У дверей стояла дорожная карета: о ней-то и упоминала Екатерина. К маркизу де Пани-Гарола подошел человек, видимо, кучер и сказал:
— Монсеньер, карета ждет вас…
— Это для меня? — спросил монах.
— Да, монсеньер. У меня приказ ехать через Лион в Италию. Все готово, садитесь.
Маркиз молча положил Алису в карету, затем закрыл дверцу, вышел вперед и, взяв лошадей за поводья, медленно повел их по улице. Карета покатилась, а удивленный кучер так и остался сидеть на своем месте, недоумевая: «Королева сказала, что я повезу новобрачных… Новобрачная, видно, в карете, но почему на ней монашеская ряса?»
Было уже два часа ночи, временами сильные порывы ветра заставляли лошадей останавливаться и пятиться назад. Кучер жался к стенке кареты, все пугало его: и странный дворянин, шествовавший будто призрак, и буря, бушевавшая вокруг.
— Куда он? Куда он идет? — шептал перепуганный кучер. — Что за странное свадебное путешествие? Мне страшно, страшно…

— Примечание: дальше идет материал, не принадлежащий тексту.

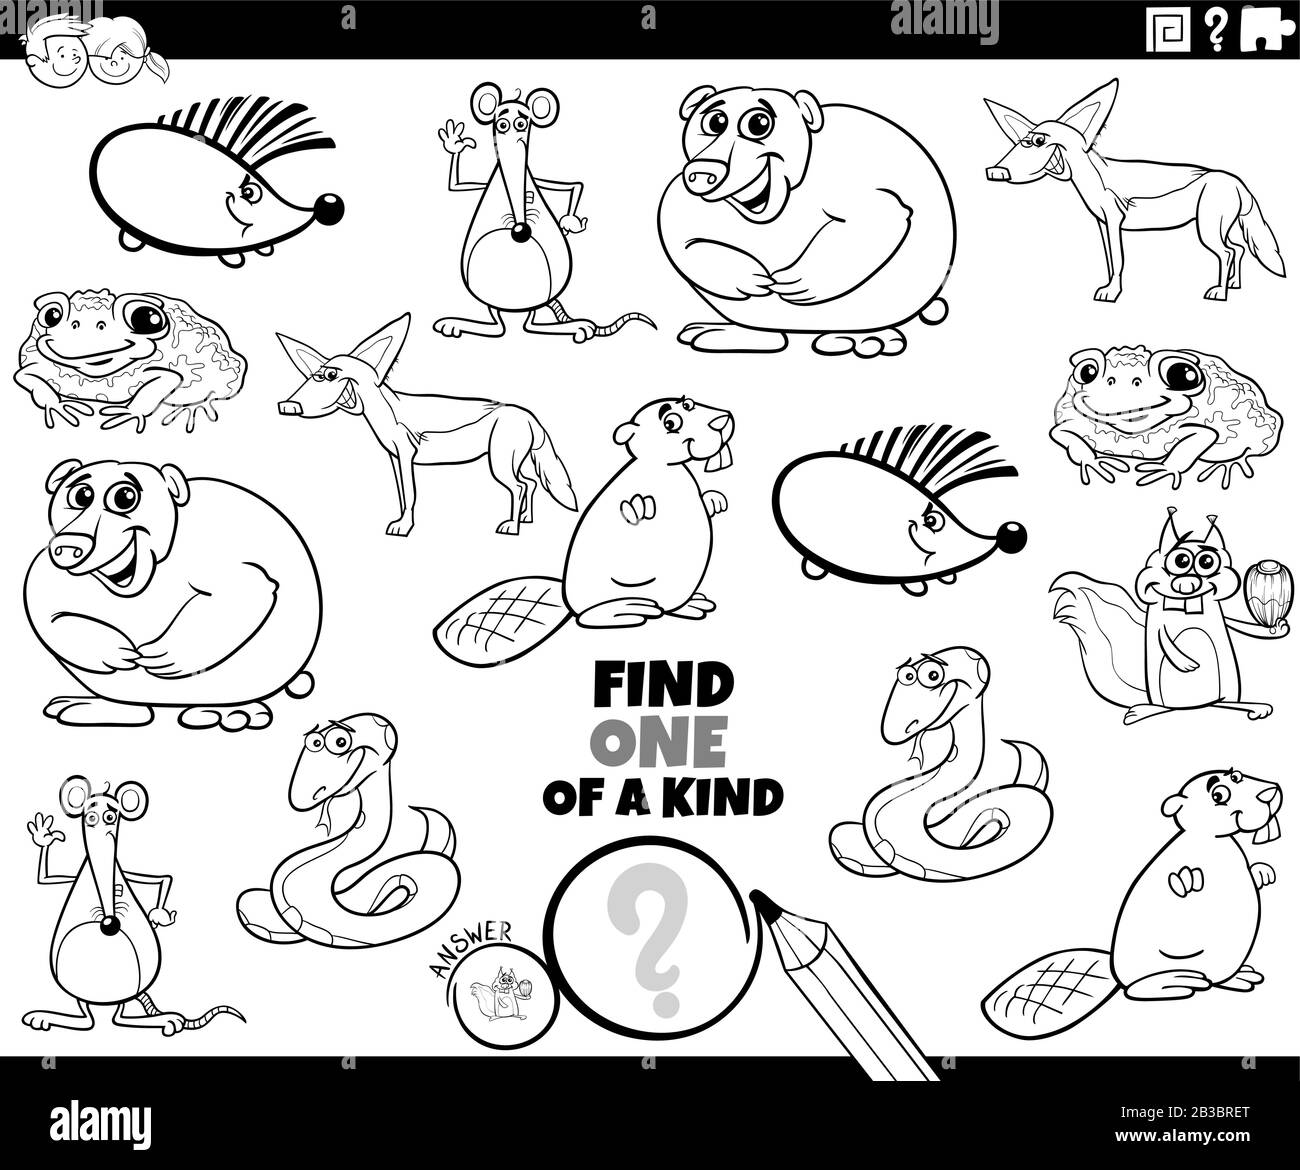 Black and White Cartoon Illustration of Find One of a Kind Picture Educational Game with Funny Wild Animal Characters Coloring Book Page Stock Vector

Панигарола вдруг остановился, и кучер понял, что они добрались до места. Он огляделся и в ужасе перекрестился:
— Кладбище Избиенных Младенцев!
Монах открыл карету и вынес на руках тело Алисы де Люс. Он положил покойницу у низкой кладбищенской ограды и постучал в окошко прилепившейся к стене кладбища хижины.
Кучер с ужасом воззрился на ту, кого он счел новобрачной. Порыв ветра откинул с ее лица капюшон-рясу, и кучер понял, что перед ним покойница. Он прошептал дрожащими губами молитву, что есть сил хлестнул лошадей, и карета, словно подхваченная ураганным ветром, с грохотом унеслась в ночь.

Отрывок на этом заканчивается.